[Opening Input records section]
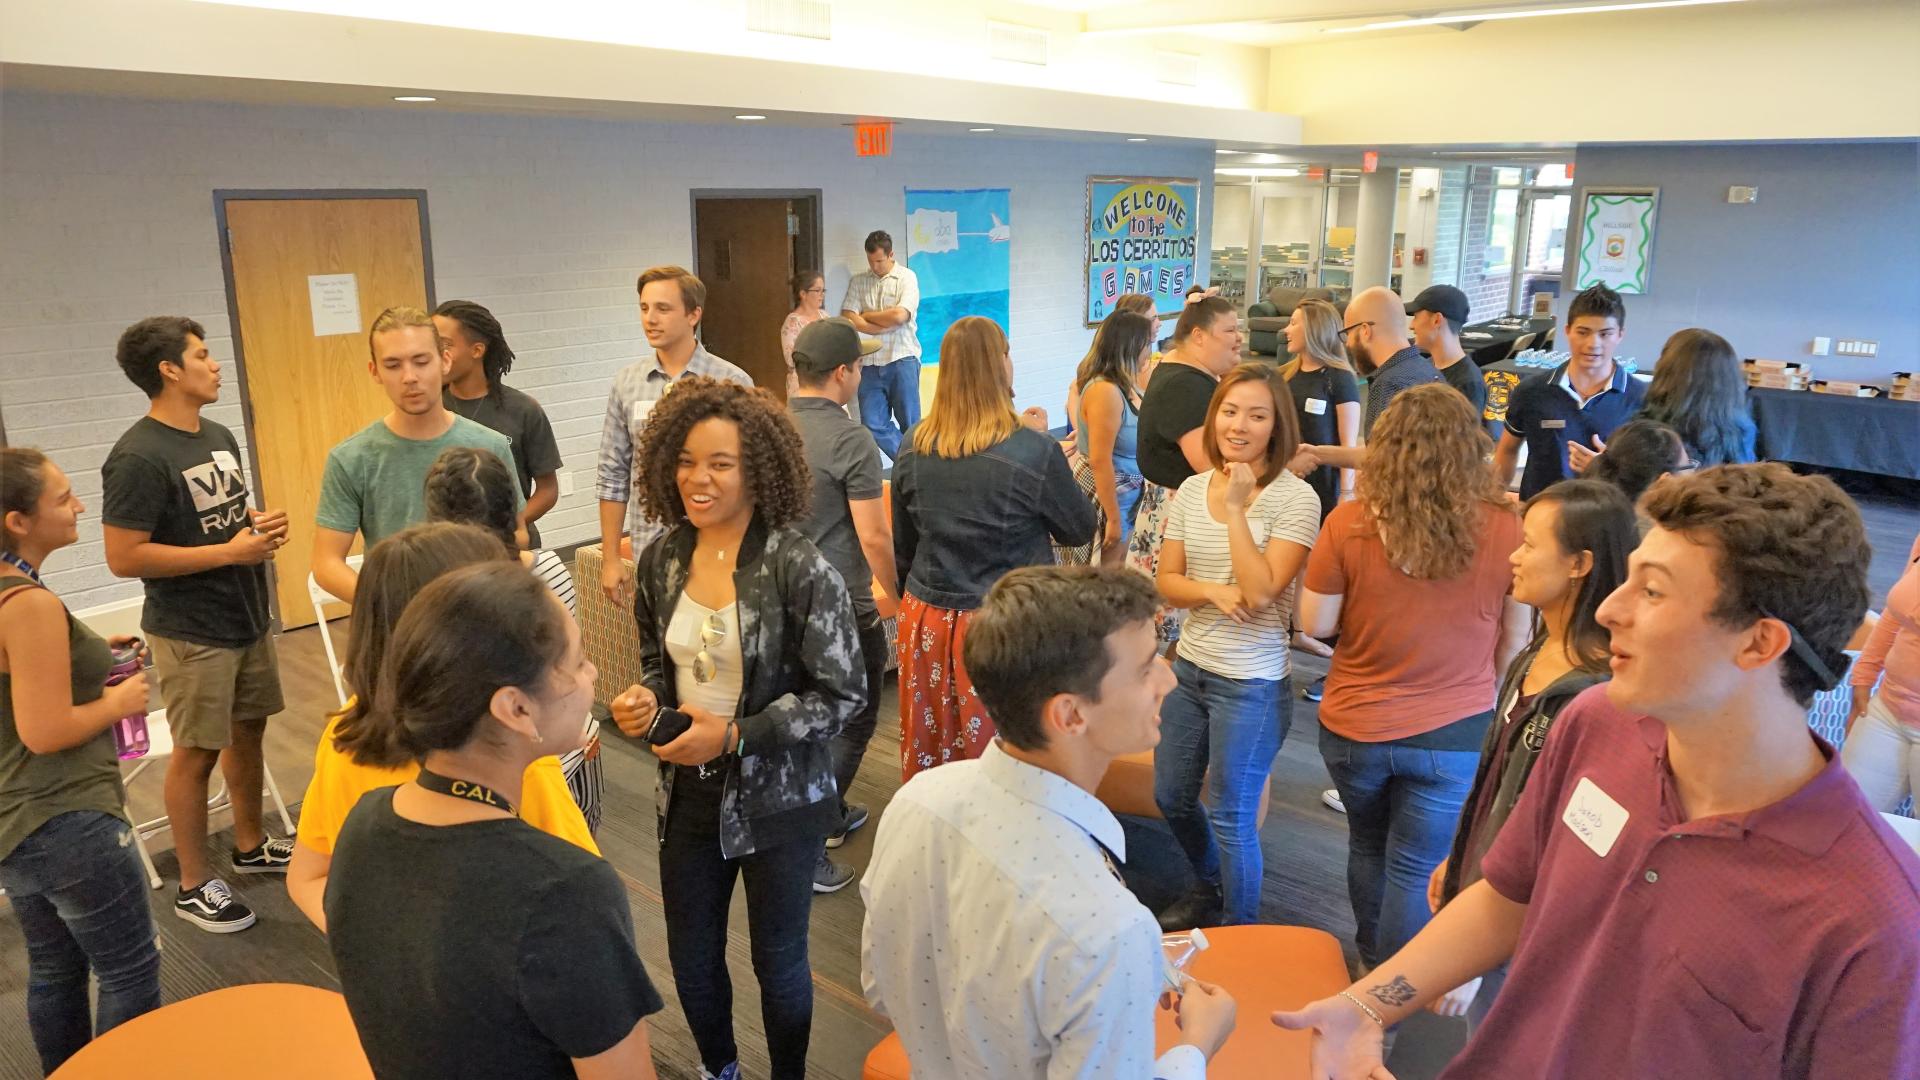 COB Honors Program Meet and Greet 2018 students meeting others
[Closing Input records section]
[Opening Input records section]
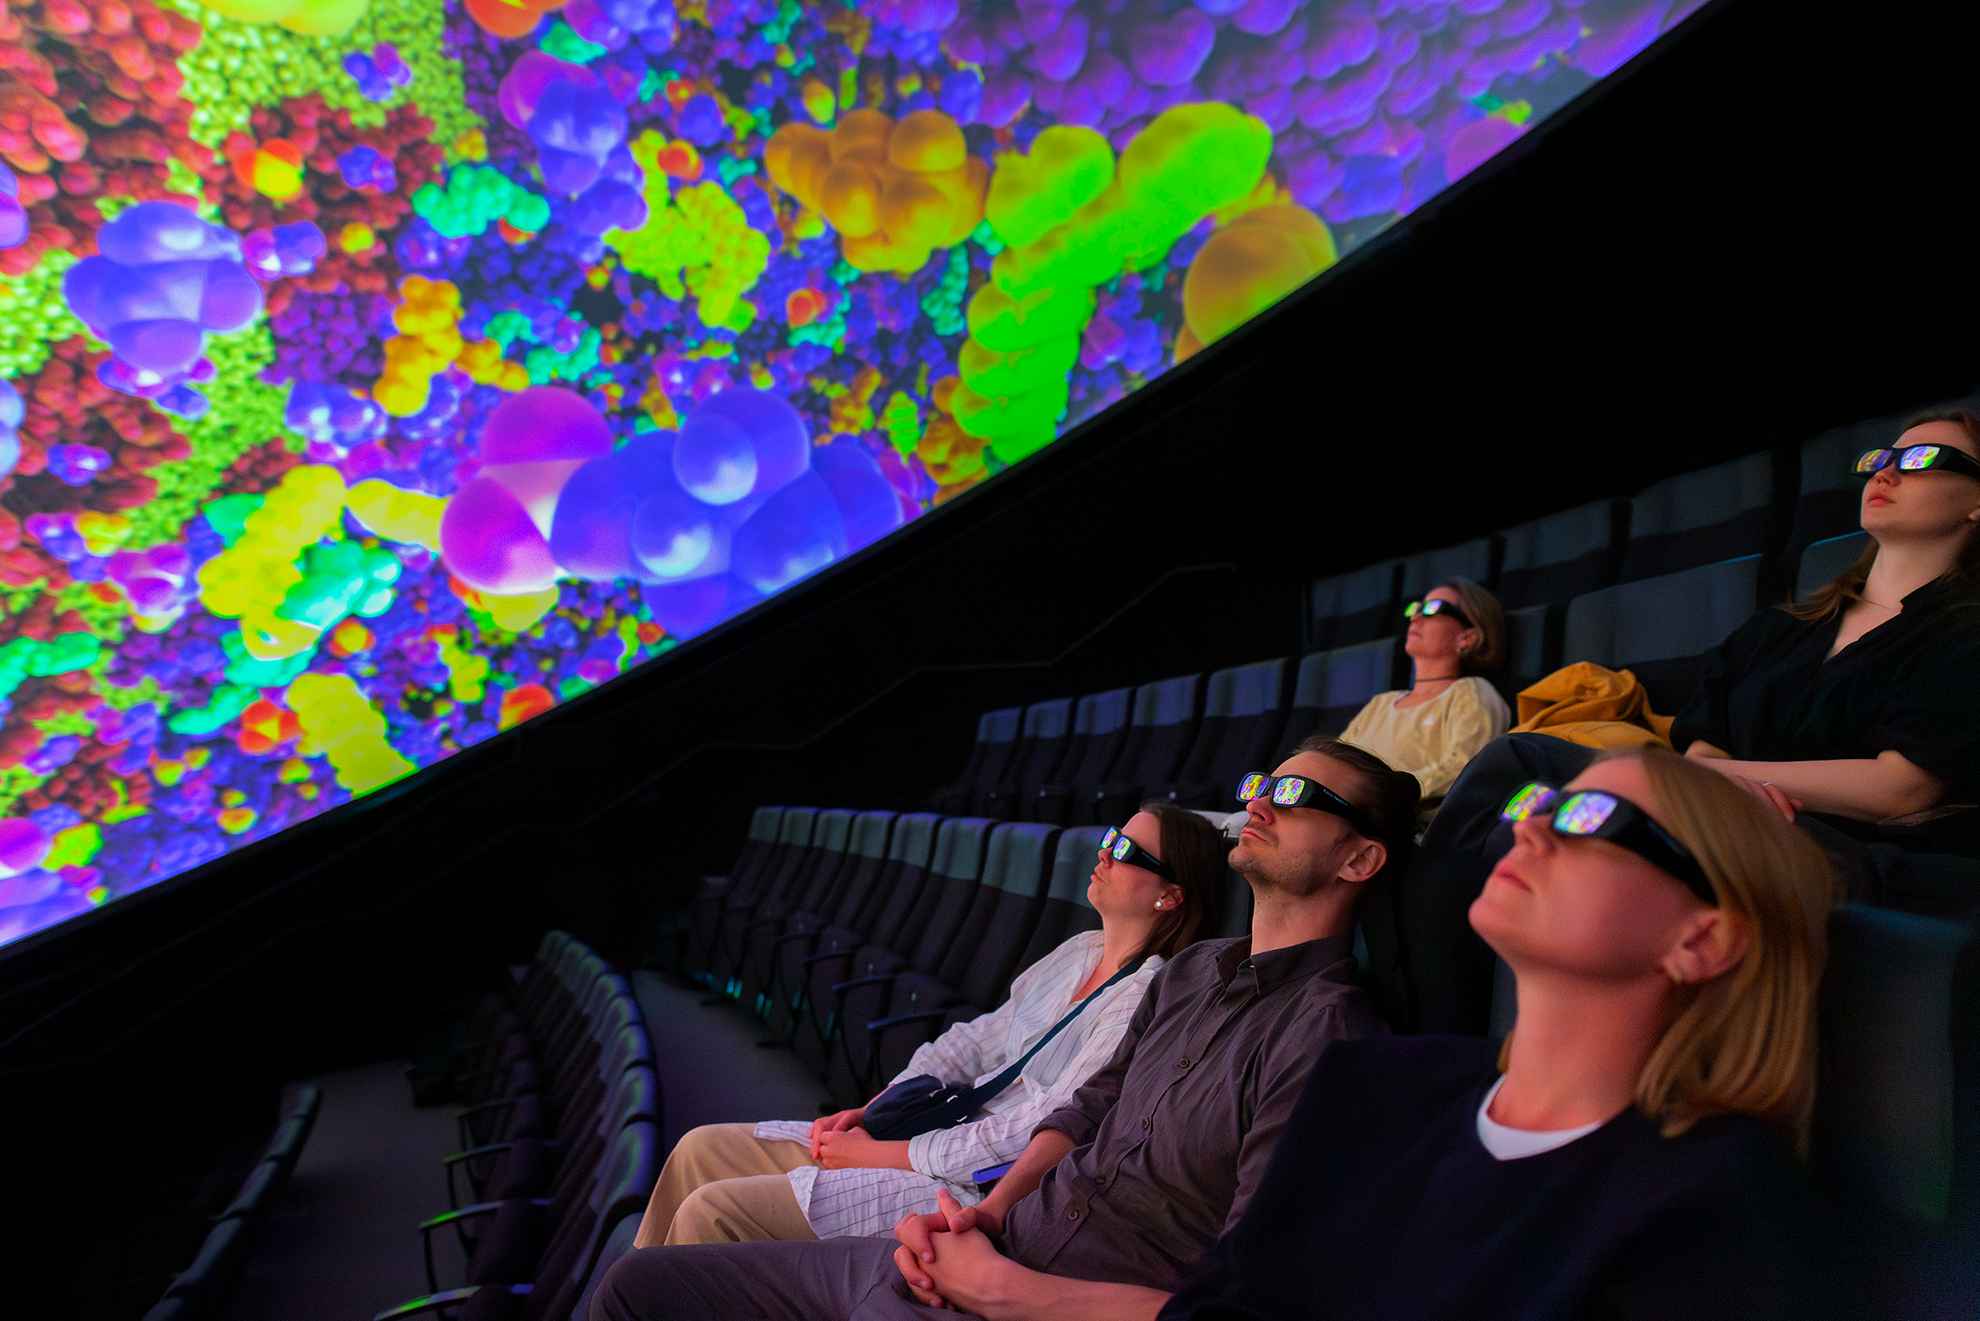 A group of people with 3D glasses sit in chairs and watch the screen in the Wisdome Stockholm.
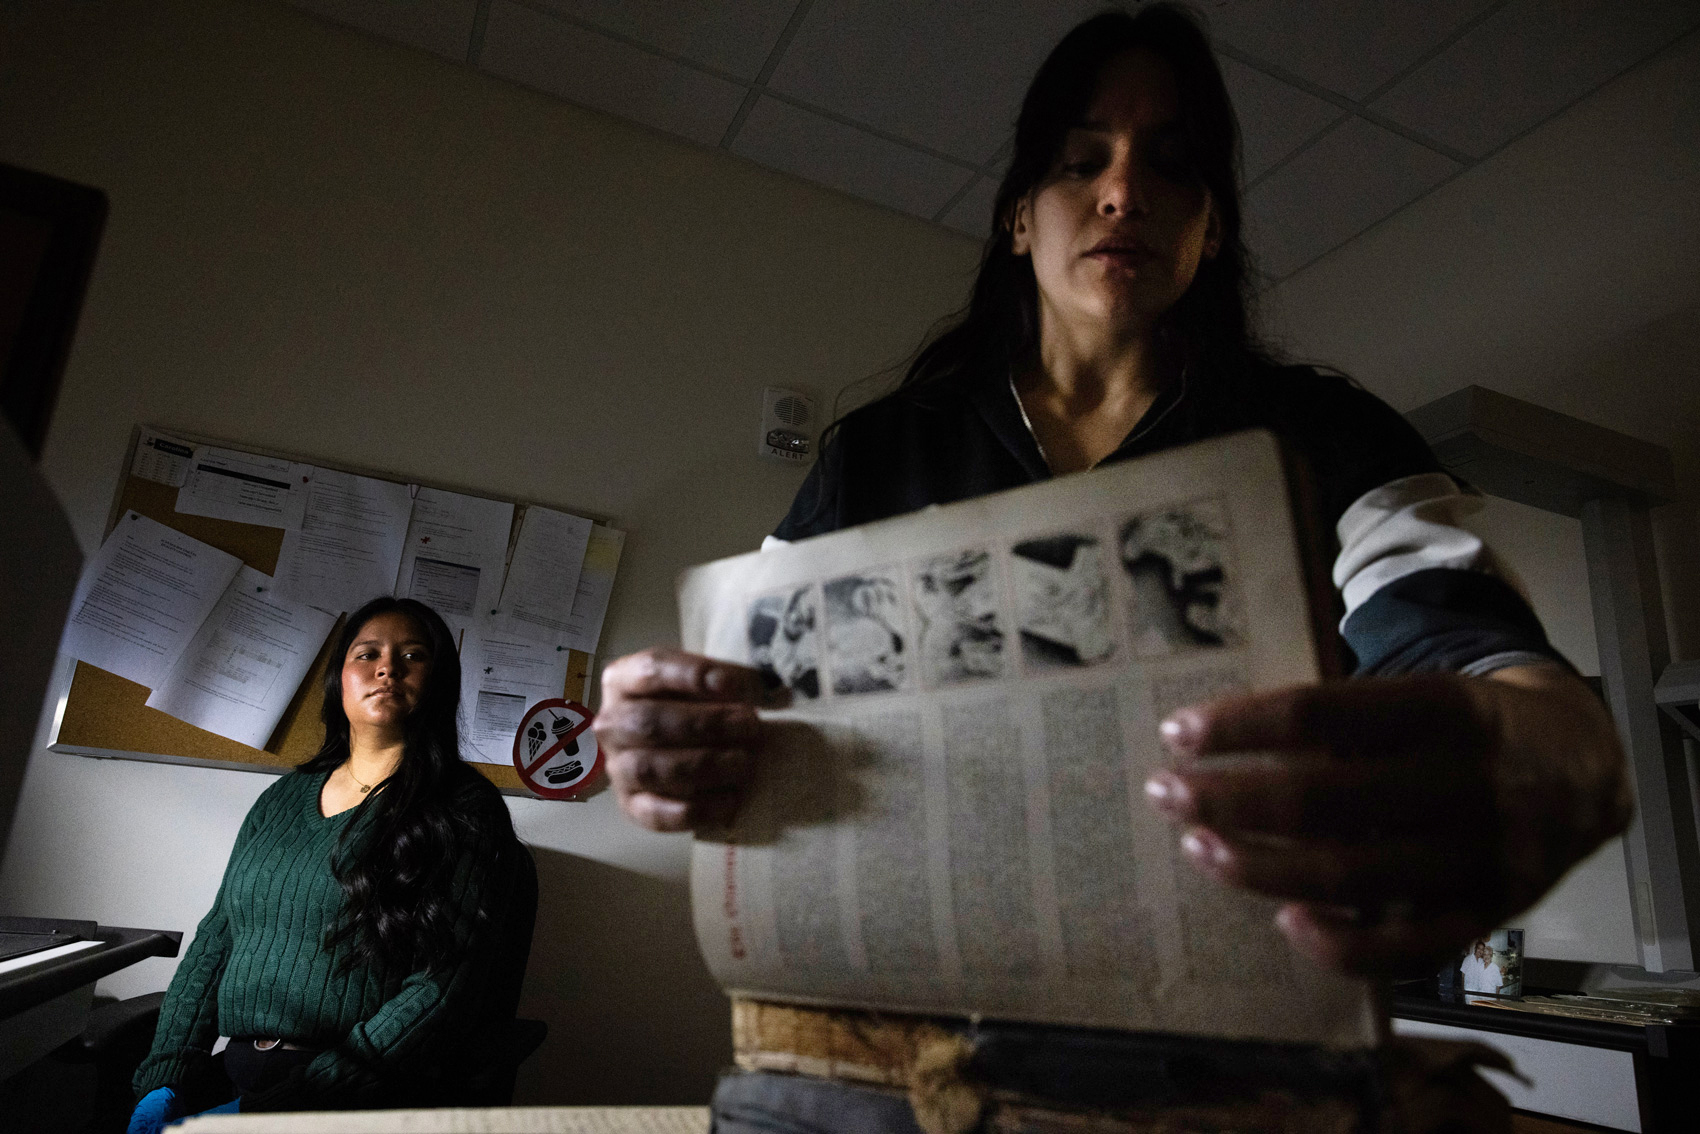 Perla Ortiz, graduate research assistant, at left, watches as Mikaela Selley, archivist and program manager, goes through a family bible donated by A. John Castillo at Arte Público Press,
[Closing Input records section]
◆ **Work order**:
What you write out is the stretch of entries from the line containing "A group of people" to the line containing "Perla Ortiz, graduate", word for word, with both end lines and no pictures.

◆ **Exercise output**:
 A group of people with 3D glasses sit in chairs and watch the screen in the Wisdome Stockholm.
 Perla Ortiz, graduate research assistant, at left, watches as Mikaela Selley, archivist and program manager, goes through a family bible donated by A. John Castillo at Arte Público Press,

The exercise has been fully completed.